Start of Block

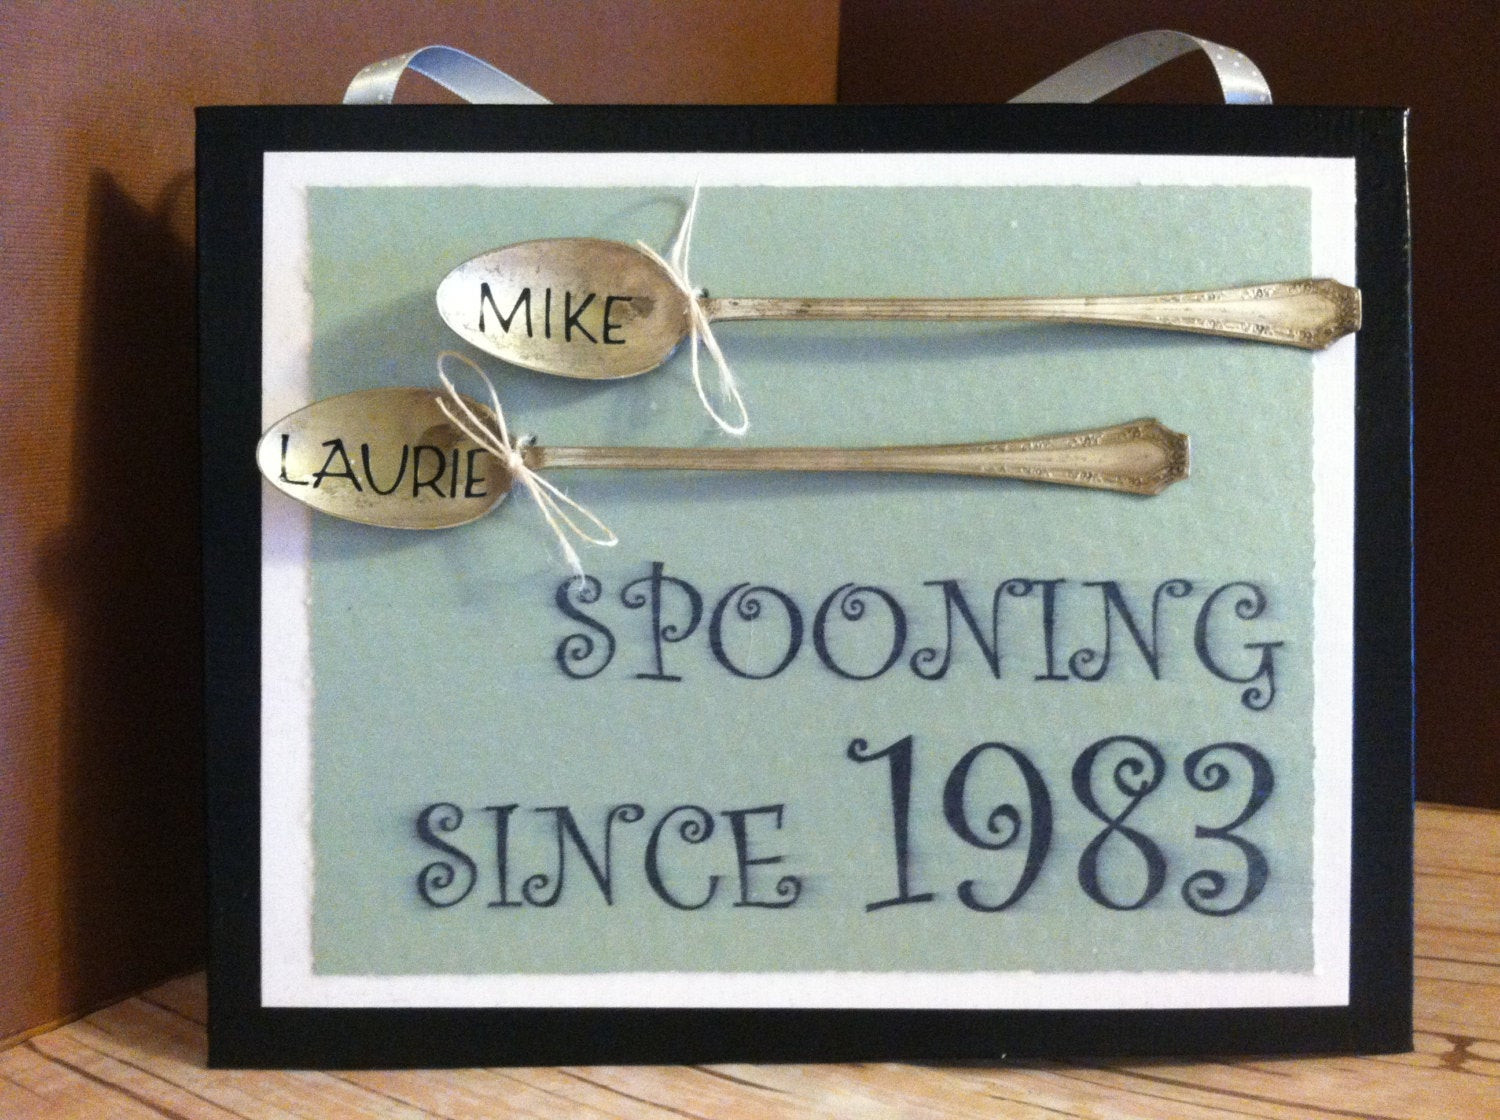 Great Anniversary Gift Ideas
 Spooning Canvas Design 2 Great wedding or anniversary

End of Block
Start of Block

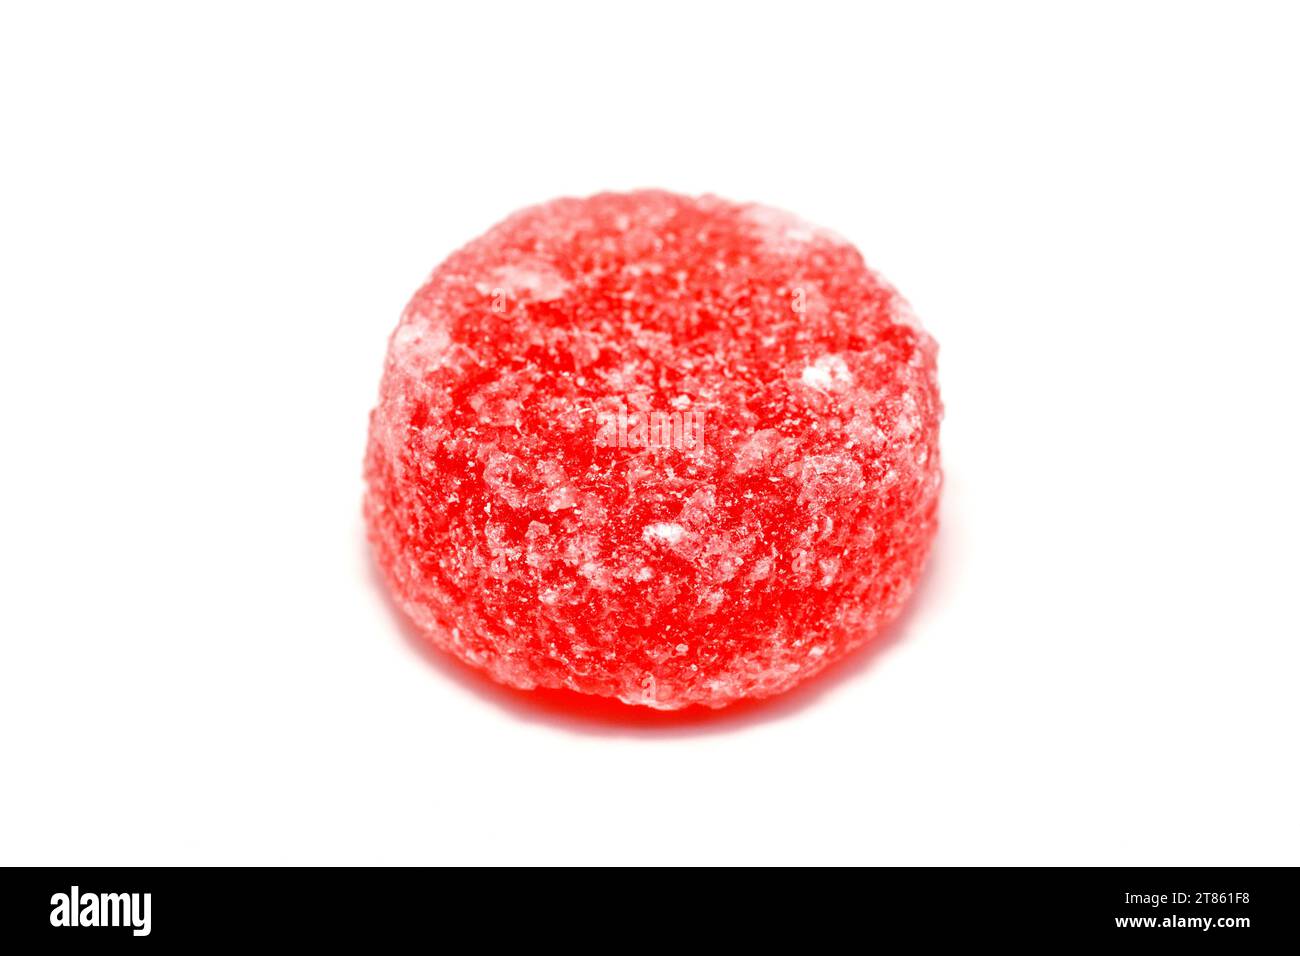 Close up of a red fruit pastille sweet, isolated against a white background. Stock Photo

End of Block
Start of Block

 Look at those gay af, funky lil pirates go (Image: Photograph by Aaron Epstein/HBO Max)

End of Block

What you should do ▸ Give back exactly, and solely, the section of the data above bounded by the line containing "Great Anniversary Gift Ideas" and the line containing "Spooning Canvas Design", both bounding lines included and pictures omitted.

Your response ▸
 Great Anniversary Gift Ideas
 Spooning Canvas Design 2 Great wedding or anniversary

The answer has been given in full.